Helmut R Lieder,Theodor Baars,Petra Kleinbongard,Philipp Kahlert

doi:10.14814/phy2.12874

Abstract

Stent implantation into aortocoronary saphenous vein grafts (SVG) releases particulate debris and soluble vasoactive mediators, for example, serotonin. We now analyzed effects of the soluble mediators released into the coronary arterial blood during stent implantation on vasomotion of isolated rat epicardial coronary artery segments and on coronary flow and left ventricular developed pressure in isolated perfused rat hearts. Coronary blood was retrieved during percutaneous SVG intervention using a distal occlusion/aspiration protection device in nine symptomatic patients with stable angina pectoris and a flow‐limiting SVG stenosis. The blood was separated into particulate debris and plasma. Responses to coronary plasma were determined in isolated rat epicardial coronary arteries and in isolated, constant pressure‐perfused rat hearts (±nitric oxide synthase [NOS] inhibition and ±serotonin receptor blockade, respectively).
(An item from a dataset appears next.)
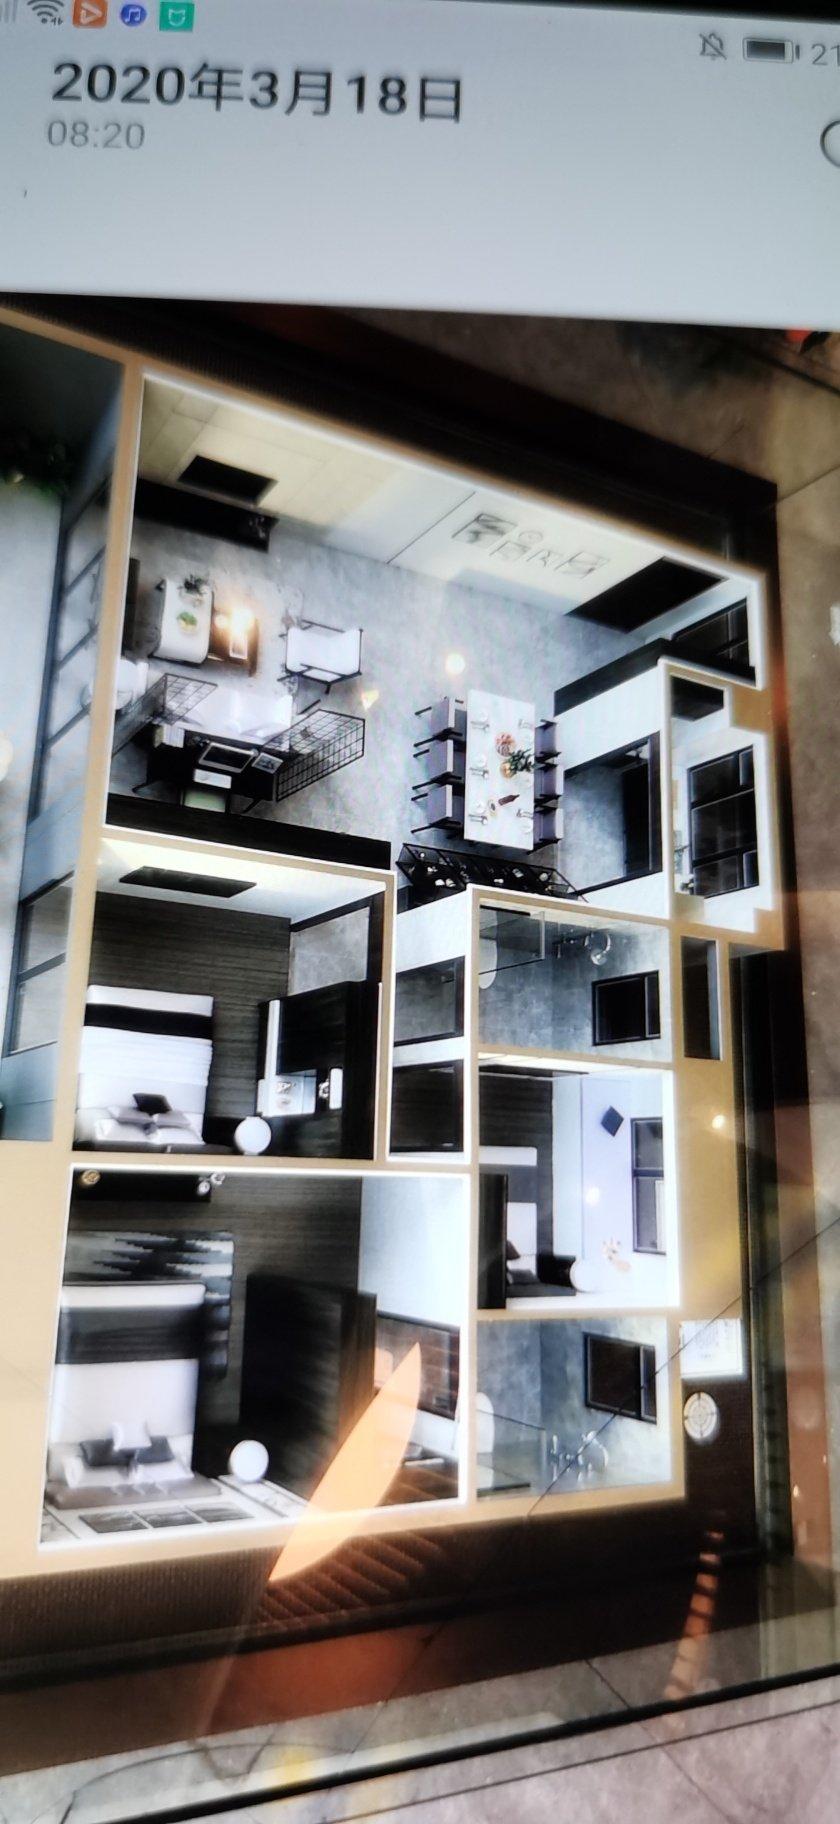 我的房子136平,三室两厅两卫,主卧有衣帽间,比较小,客厅宽,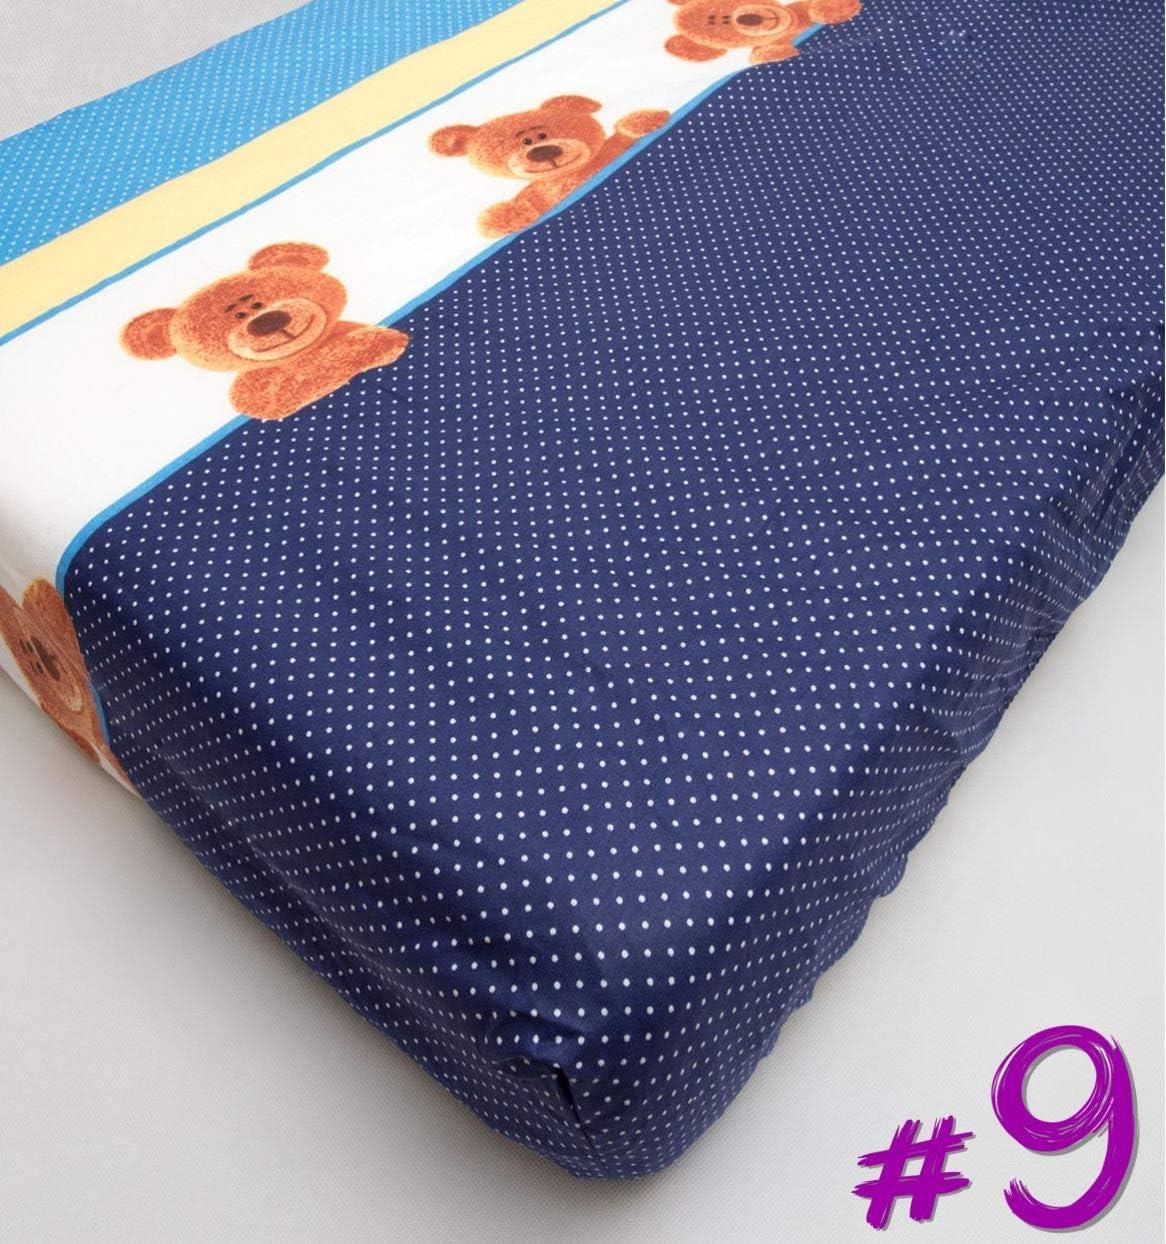 S/ábana ajustable de algod/ón para cama de cuna 120 x 60 Modelo 11

Coronary aspirate plasma taken after stent implantation induced a stronger vasoconstriction of rat epicardial coronary arteries (52 ± 8% of maximal potassium chloride induced vasoconstriction [% KClmax = 100%]) than plasma taken before stent implantation (12 ± 8% of KClmax); NOS inhibition augmented this vasoconstrictor response (to 110 ± 15% and 24 ± 9% of KClmax). Coronary aspirate plasma taken after stent implantation reduced in isolated perfused rat hearts only under NOS inhibition coronary flow by 17 ± 3% and left ventricular developed pressure by 25 ± 4%. Blockade of serotonin receptors abrogated these effects. Coronary aspirate plasma taken after stent implantation induces vasoconstriction in isolated rat epicardial coronary arteries and reduces coronary flow and left ventricular developed pressure in isolated perfused rat hearts with pharmacologically induced endothelial dysfunction.

Highlights

Stent implantation into an atherosclerotic lesion of native coronary arteries or aortocoronary saphenous vein grafts (SVG) causes an iatrogenic plaque rupture and results in the release of atherosclerotic particulate debris, microparticles, and soluble vasoactive, thrombogenic, and inflammatory mediators (Kleinbongard et al 2012, 2013a; Horn et al 2015)
Coronary aspirate plasma taken after stent implantation induced a stronger vasoconstriction of rat epicardial coronary arteries (52 Æ 8% of maximal potassium chloride induced vasoconstriction [% KClmax = 100%]) than plasma taken before stent implantation (12 Æ 8% of KClmax); nitric oxide synthase (NOS) inhibition augmented this vasoconstrictor response
We confirmed that serotonin is released into the coronary circulation during stent implantation into SVG (Kleinbongard et al 2012) and induces a vasoconstriction in in vitro bioassays

Summary

Introduction

Stent implantation into an atherosclerotic lesion of native coronary arteries or aortocoronary saphenous vein grafts (SVG) causes an iatrogenic plaque rupture and results in the release of atherosclerotic particulate debris, microparticles, and soluble vasoactive, thrombogenic, and inflammatory mediators (Kleinbongard et al 2012, 2013a; Horn et al 2015). Downstream embolization of such particulate debris obstructs physically the coronary microcirculation and impairs microvascular perfusion and cardiac contractile function (Heusch et al 2009).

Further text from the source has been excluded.